SOURCE MATERIAL —
────────────────────

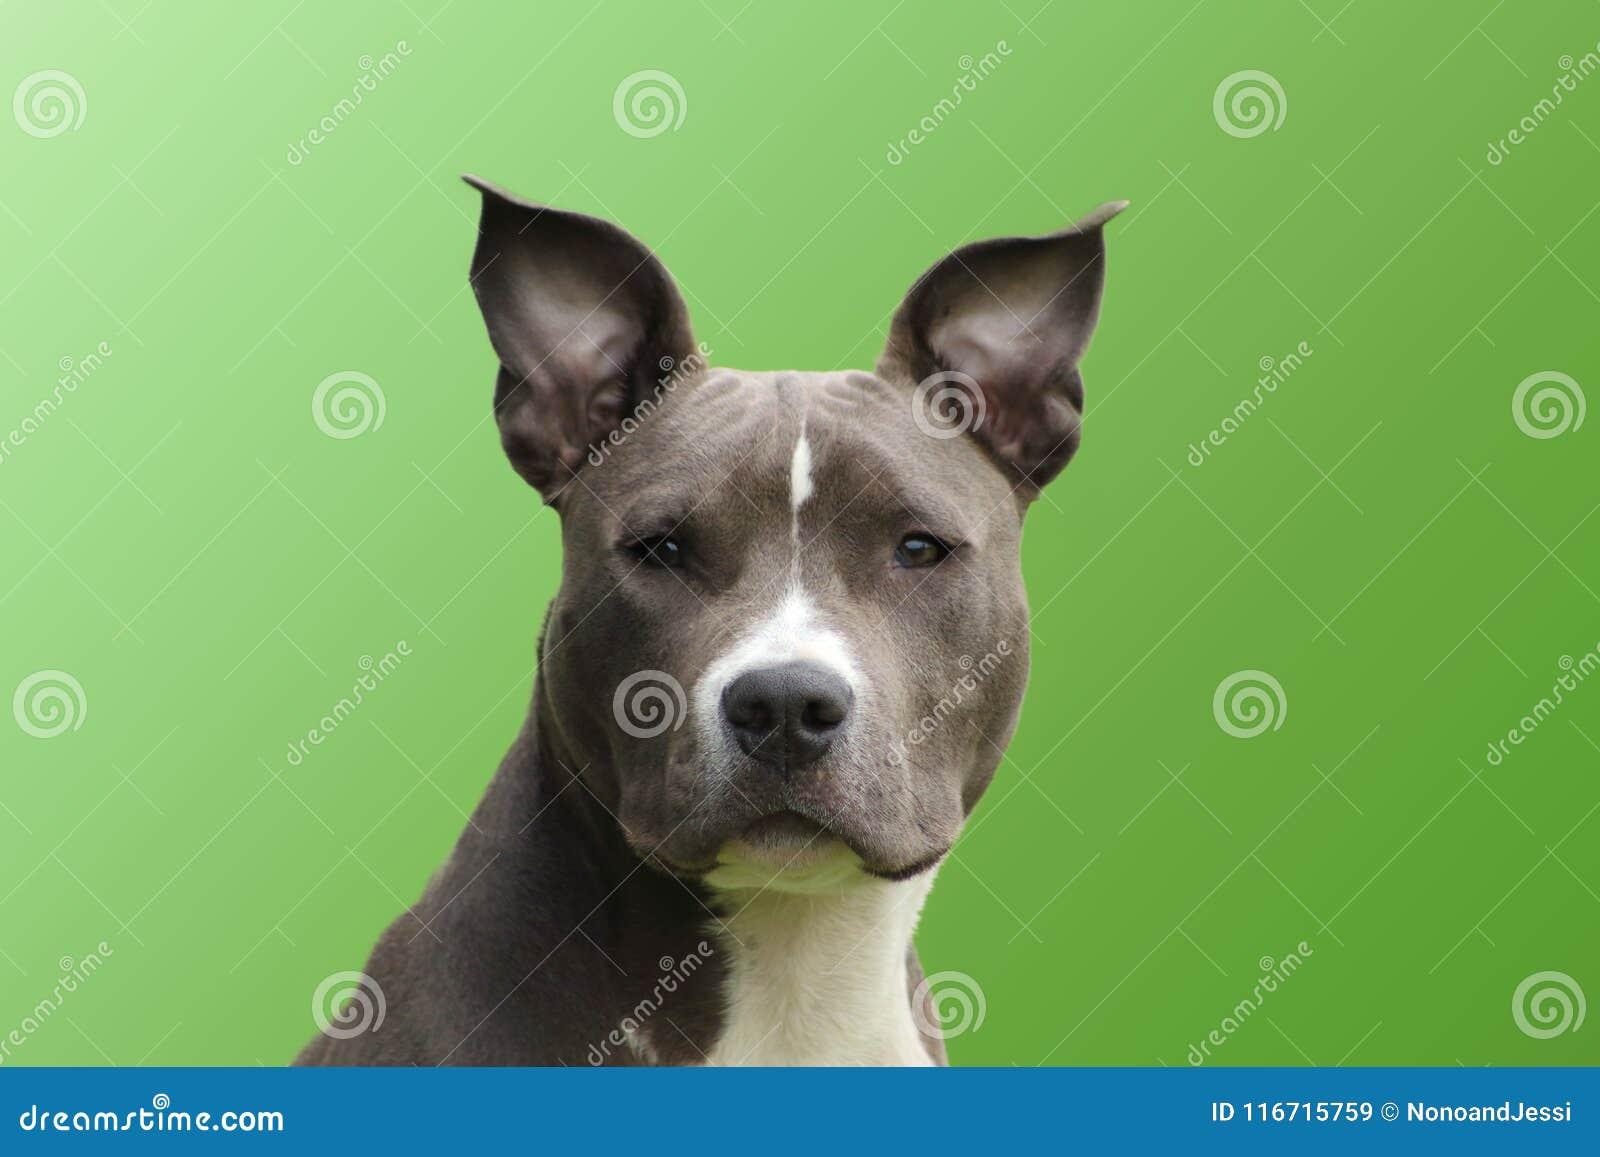 Porträt eines jungen amerikanischen Hunde-Staffordshire-Terrierblaus mit einem lebhaften rührenden Klo
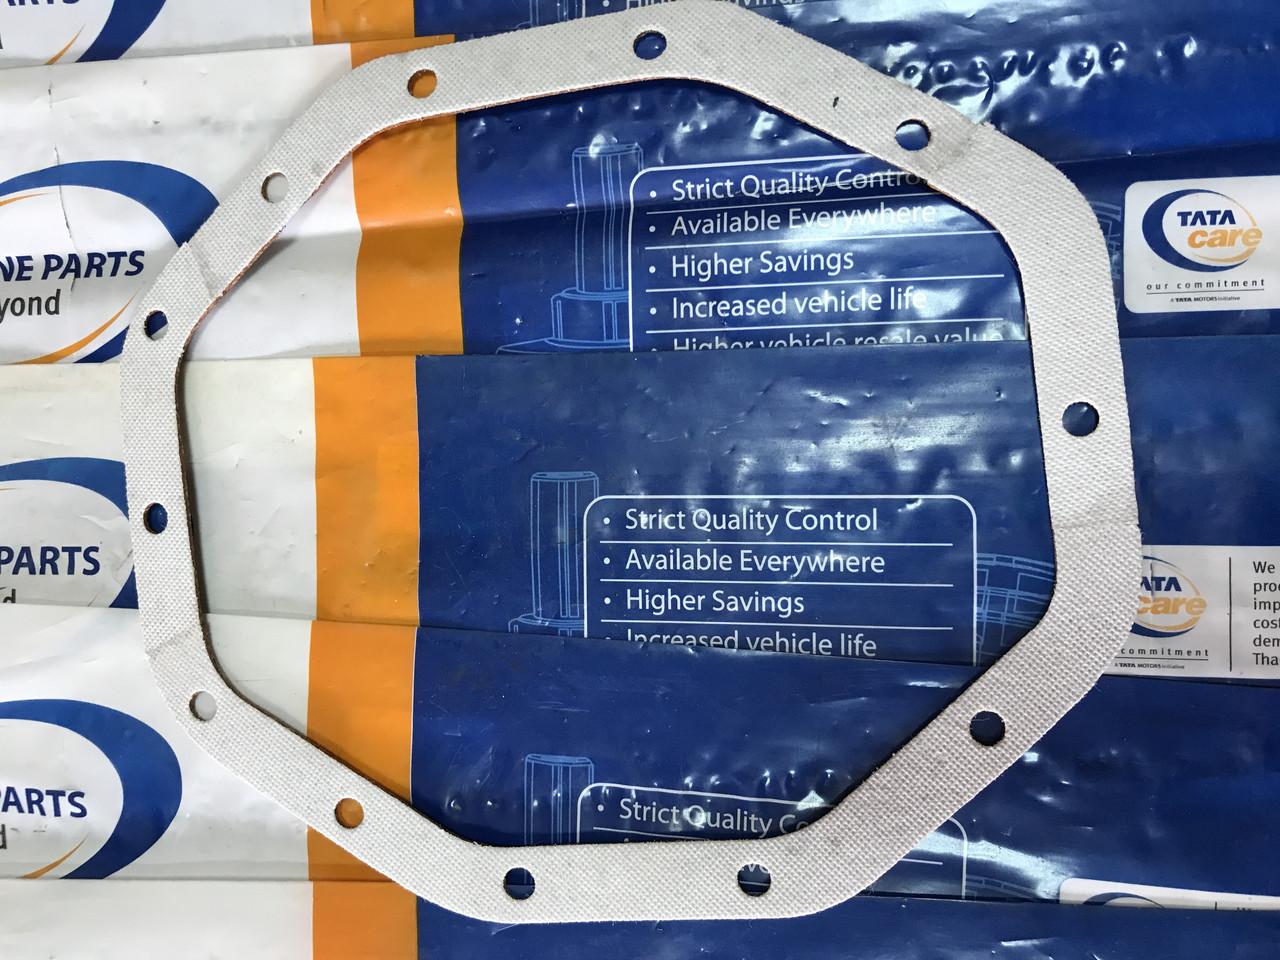 Прокладка крышки заднего моста на ТАТА Эталон
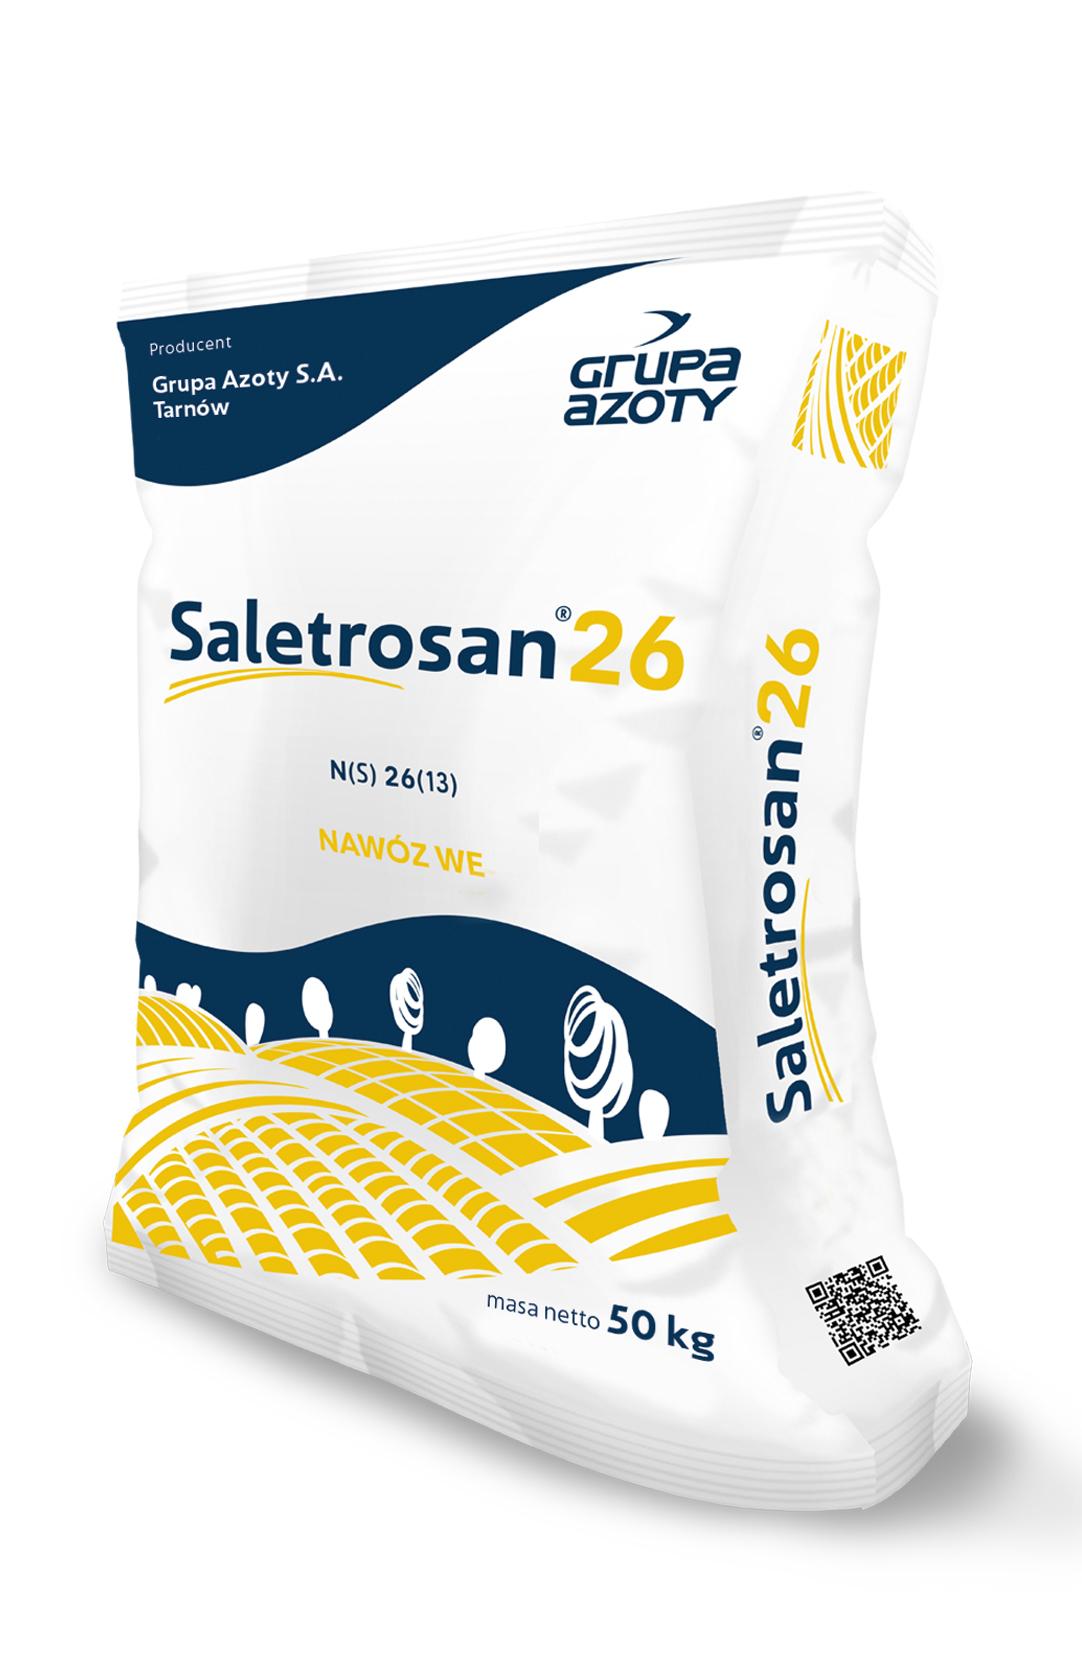 Saletrosan 26

────────────────────

EXERCISE BRIEF —
Please repeat all of the data exactly, excluding images.

FINISHED EXERCISE —
 Porträt eines jungen amerikanischen Hunde-Staffordshire-Terrierblaus mit einem lebhaften rührenden Klo
 Прокладка крышки заднего моста на ТАТА Эталон
 Saletrosan 26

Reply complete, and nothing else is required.